It seems that President Bush cannot deliver a State of the Union address without deceiving the American people. Or, at the least, trying to deceive them.

A year ago, on the eve of the president's pre-emptive war against Iraq, Bush told the American people and their Congress that Iraq was busy trying to acquire materials from Africa to develop nuclear weapons. The suggestion was that Iraqi dictator Saddam Hussein either had or was close to obtaining the most threatening of all weapons of mass destruction.

By summer, it was clear that Bush had been wrong. And there was a good deal of evidence to suggest that the president, or at least his top aides, knew that his claims about weapons of mass destruction were inaccurate before they were inserted in his most high-profile address prior to the beginning of the war.

No one expected Bush to apologize for being wrong, let alone for lying, when he delivered this year's State of the Union speech. For Bush, being president means never having to say you're sorry.

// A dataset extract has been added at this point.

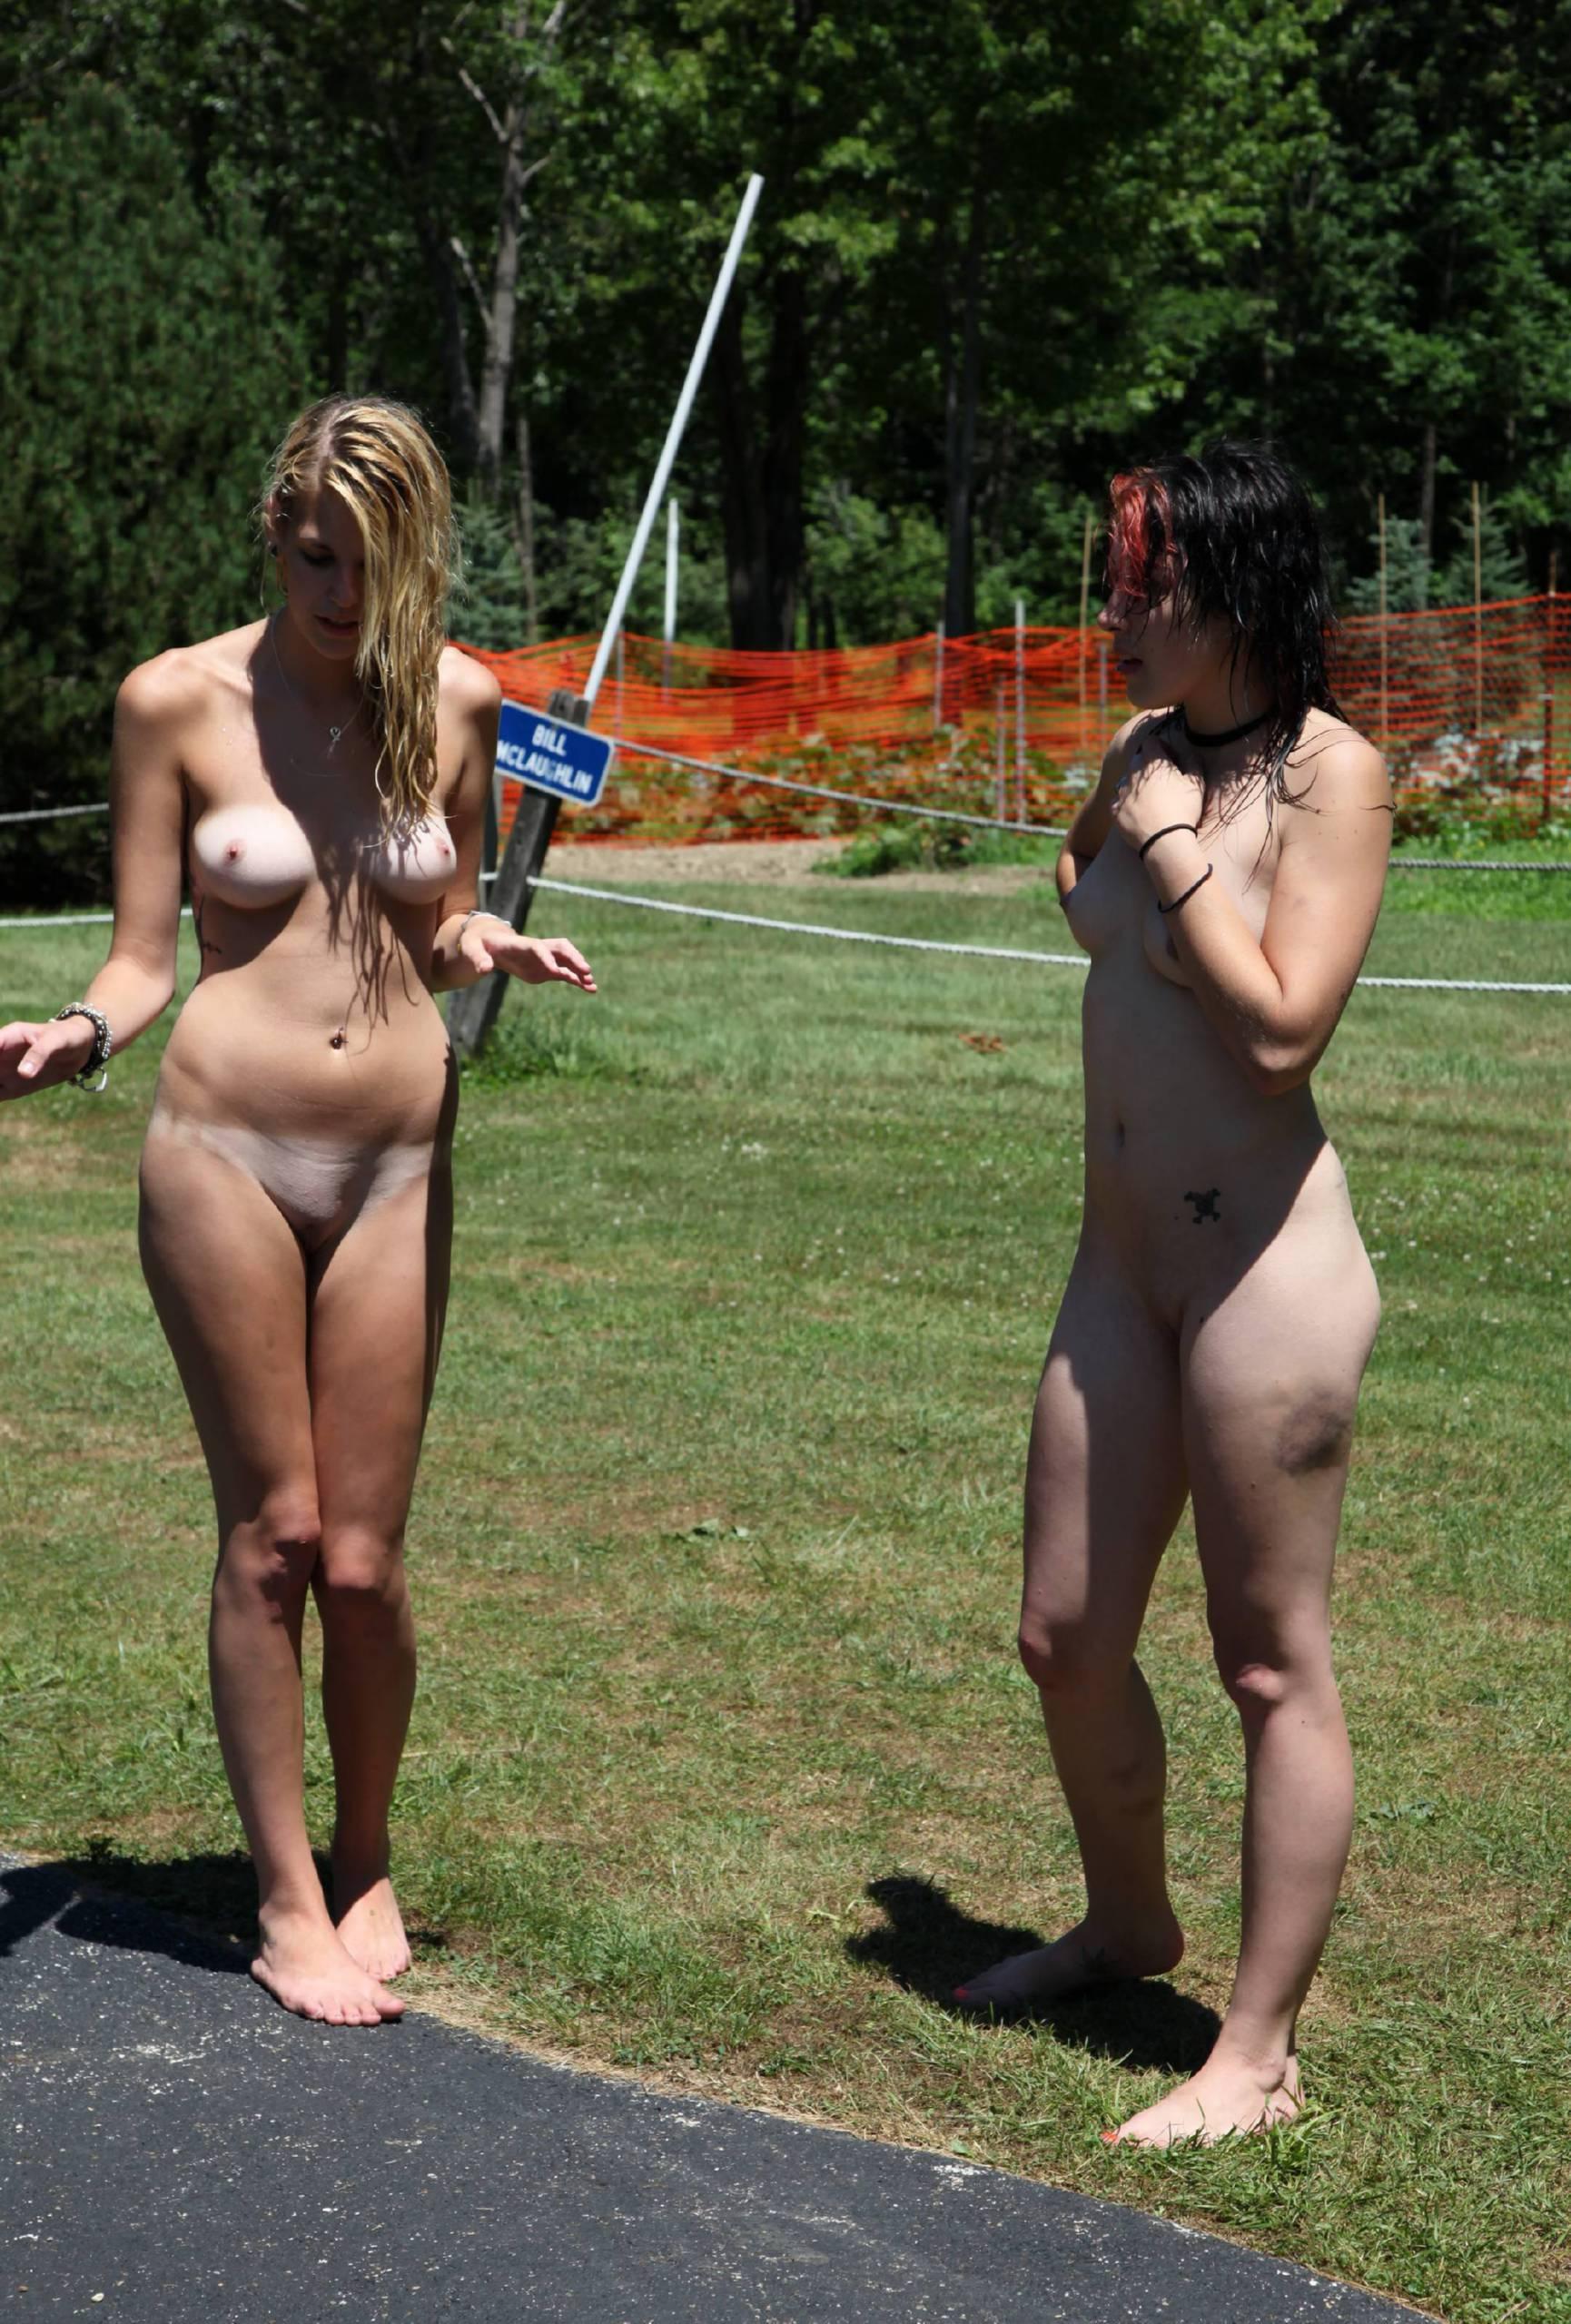 Nudist Pics Grassy Green Delights - 1

But there was a general assumption that he would try to address the embarrassing discrepancy between his statement of the previous year and reality.

And so he did.

In an elaborate twist of rhetoric, Bush declared, "Already, the Kay Report identified dozens of weapons of mass destruction-related program activities and significant amounts of equipment that Iraq concealed from the United Nations. Had we failed to act, the dictator's weapons of mass destruction programs would continue to this day." That was a reference to an interim report by David Kay, the chief U.S. weapons hunter in Iraq.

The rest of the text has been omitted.